The rumack matthew graph can be used to assess a person’s risk for hepatic toxicity depending on the time since ingestion and the blood concentration of acetaminophen. The different areas of the graph help you assess how to treat a patient depending on where they fall on the graph.

Question 23

The rumack matthew graph is not applicable to those who display toxicity due to _______ use of acetaminophen.

Answer 23

Chronic

Question 24

How is chronic acetaminophen toxicity diagnosed and treated?

Answer 24

Presents with serum levels that appear therapeutic, but signs and symptoms of hepatotoxicity and lab findings of liver injury.

Thorough history, treat as acute overdose with unknown ingestion time –> administer NAC

Question 25

N-acetylcysteine is used for 2 things.

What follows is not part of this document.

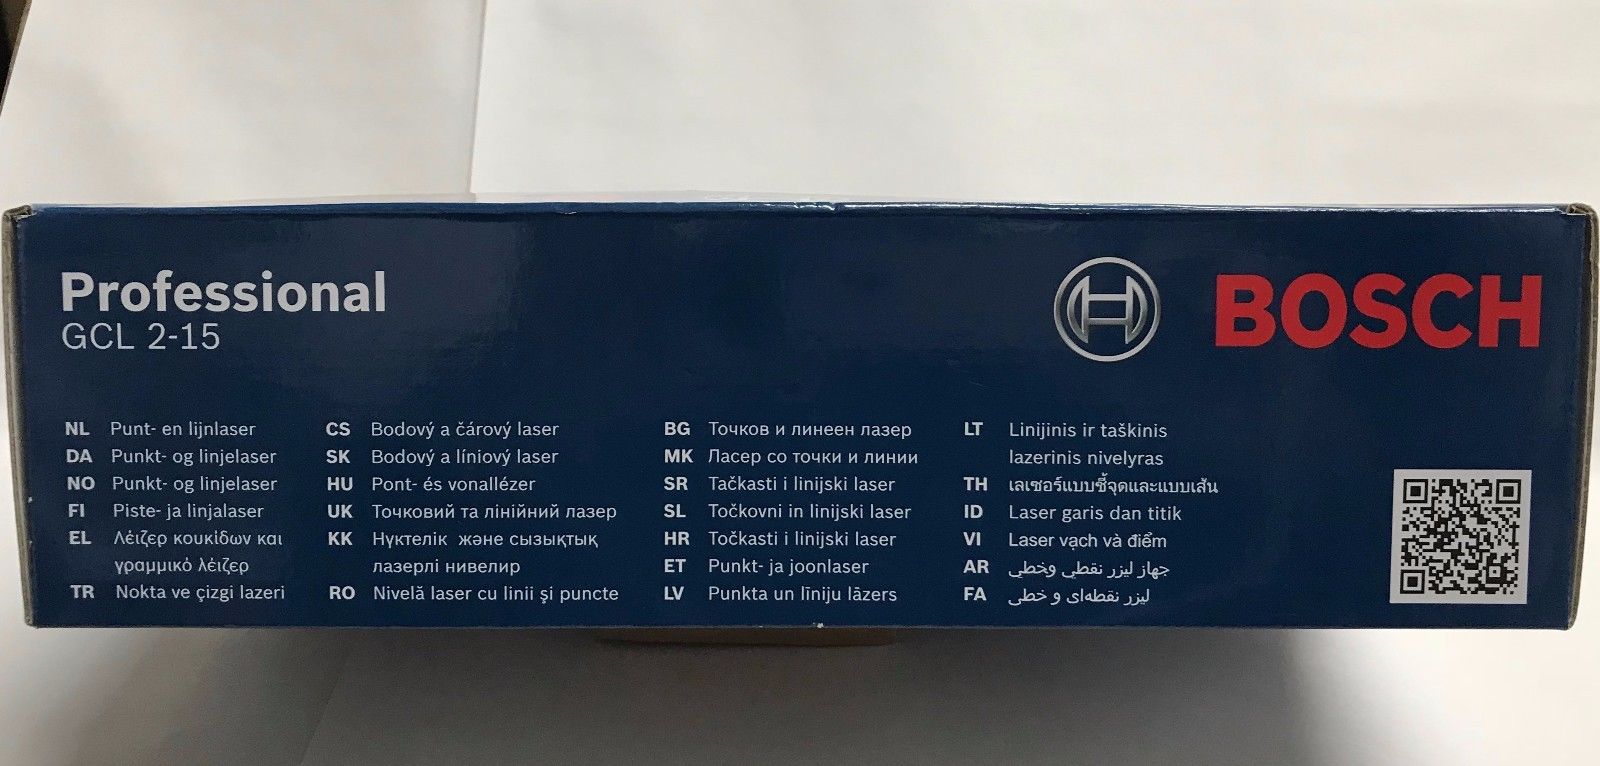 Information on the box

What are they?

Answer 25

Acetaminophen toxicity - restores hepatic glutathione enhancing non-toxic conjugation to glutathione of NPAQI

Mucolytic therapy - its free -SH group opens up disulfide bonds in mucoproteins, lowering mucous viscosity

Question 26

What are side effects of NAC?

Answer 26

• Unpleasant smell and taste and vomiting is common
• Can lead to hypotension and tachycardia
• Can lead to angioedema, itching and hives
• Can lead to broncospasm

Question 27

When a person is assessed and is identified as needing NAC treatment, when would you give oral vs. IV therapy?

Answer 27

Oral - alert, awake, oriented, suspected to be compliant with treatment as oral schedule is longer

IV - shorter treatment schedule, used if there are reasons to suspect oral schedule will not or cannot be followed. Side effects are more pronounced with IV so it’s not exclusively used.

Question 28

Who bears the burden of safety for an OTC drug?

Answer 28

The patient

Question 29

How does a drug become an OTC drug?

Answer 29

The drug must first be made as a prescription only drug and go through additional rounds of testing and provide a more robust burden of proof that the drug is safe to use by patients from different backgrounds (education, language, etc).

Question 30

What does an OTC monograph inform manufacturers and consumers of?

Answer 30

Manufacturer

• “Recipe Book” telling acceptable ingredients, doses, formulations and labeling
• Manufacturers follow conditions to market drug
• No FDA pre-approval for manufacturers, assume that manufacturers are following monograph but they don’t actually check unless it is brought to their attention by someone else. Can impose penalities for non-adherence.

Consumers

• Describes conditions for use determined to be generally recognized as safe and effective (GRASE)

Question 31

What must be in the OTC monograph?

Answer 31

• Active ingredients
• Dosage strength
• Dosage form
• Indications for use
• Warnings
• DIrections for use
• Must ensure customers can diagnose underlying condition, determine if drug is appropriate, self administer safely, avoid serious side effects, and recognize when to see a physician

Question 32

What are some limitations of FDA authority?

Answer 32

The FDA does not regulate the practice of medicine, so advisory boards can make recommendations but ultimately it is congress that passes the laws regulating drugs. Adverse events are reported yearly but reporting is voluntary.